Corte Cost., 10 giugno 2011, n. 182
Corte cost., Sent., 10-06-2011, n. 182Fatto Diritto P.Q.M.
Svolgimento del processo
SENTENZA
Nel giudizio di legittimità costituzionale degli artt. 1, comma 1, e 12, comma 2, lettera b), della legge della Regione Toscana 29 dicembre 2010, n. 65 (Legge finanziaria per l'anno 2011), promosso dal Presidente del Consiglio dei ministri con ricorso notificato il 24 febbraio - 3 marzo 2011, depositato in cancelleria il 1° marzo 2011 ed iscritto al n. 11 del registro ricorsi 2011.
Visto l'atto di costituzione della Regione Toscana;
udito nell'udienza pubblica del 10 maggio 2011 il Giudice relatore Giorgio Lattanzi;
uditi l'avvocato dello Stato Federico Basilica per il Presidente del Consiglio dei ministri e l'avvocato Lucia Bora per  la Regione Toscana.
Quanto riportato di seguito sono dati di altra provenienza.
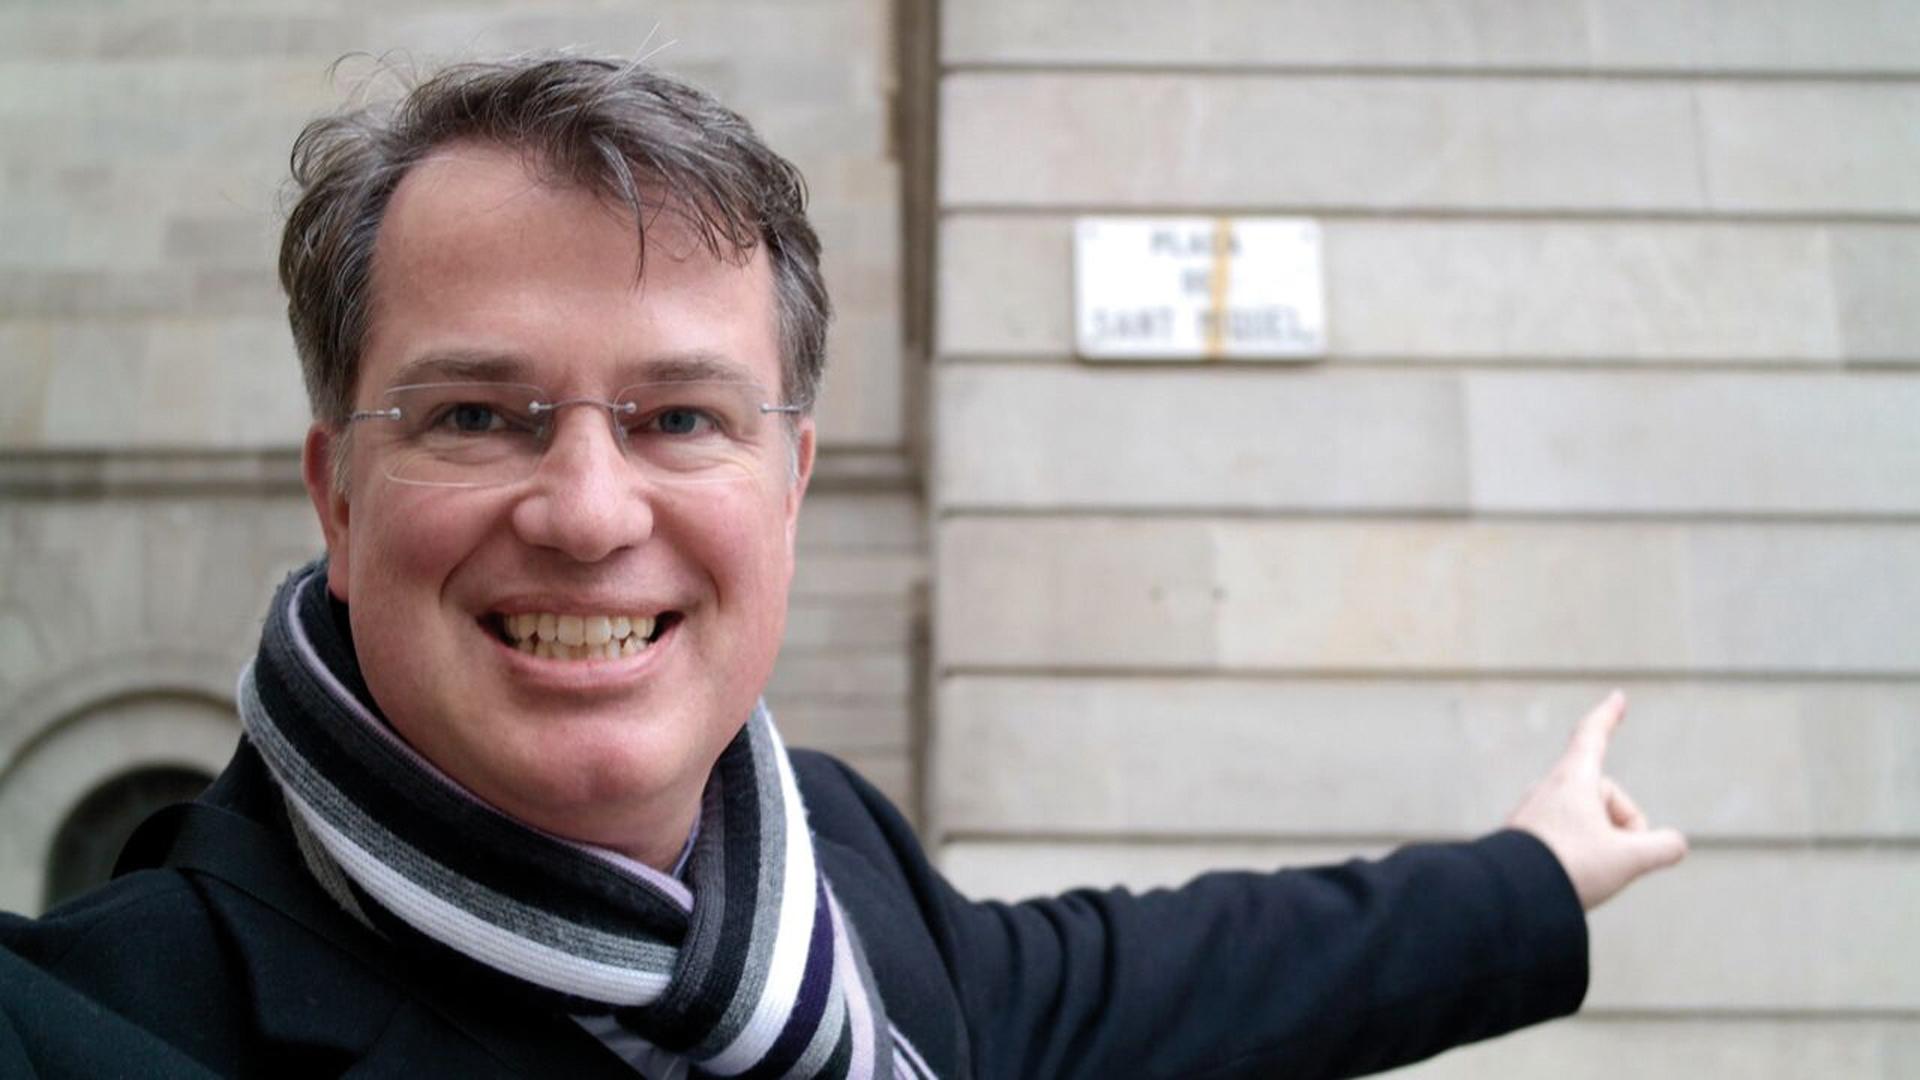 Michael Voß ist Redakteur bei MDR Aktuell. Privat betreibt er die Seite quellencheck.de. Dort gibt er Hinweise, wie Mediennutzer die Quellen und Glaubwürdigkeit von Beiträgen untersuchen können. Er lebt in Halle/Saale und gehört einer Pfingstgemeinde an.

1. - Con ricorso notificato il 24 febbraio 2011 e  depositato il successivo 1° marzo (reg. ric. n. 11 del 2011), il Presidente del Consiglio dei ministri, rappresentato e difeso dall'Avvocatura generale dello Stato, ha proposto questioni di legittimità costituzionale dell'art. 1, comma 1, e dell'art. 12, comma 2, lettera b), della legge della Regione Toscana 29 dicembre 2010, n. 65  (Legge finanziaria per l'anno 2011), in relazione all'art. 117, terzo comma, della Costituzione.
L'art. 1, comma 1, della legge impugnata stabilisce che «in applicazione della disposizione di cui all'articolo 6 del decreto-legge 31 maggio 2010, n. 78 (Misure urgenti in materia di stabilizzazione finanziaria e di competitività economica) convertito in legge, con modificazioni, dall'articolo 1, comma 1, della legge 30 luglio 2010, n. 122,  la Giunta regionale, sulla base delle spese risultanti dal rendiconto per l'anno 2009, determina con proprio atto l'ammontare complessivo della riduzione delle proprie spese di funzionamento indicate dal citato  articolo 6. Tale ammontare è assicurato dalla Giunta regionale anche mediante una modulazione delle percentuali di risparmio in misura diversa rispetto a quanto disposto dall'articolo 6 del decreto-legge n. 78/2010».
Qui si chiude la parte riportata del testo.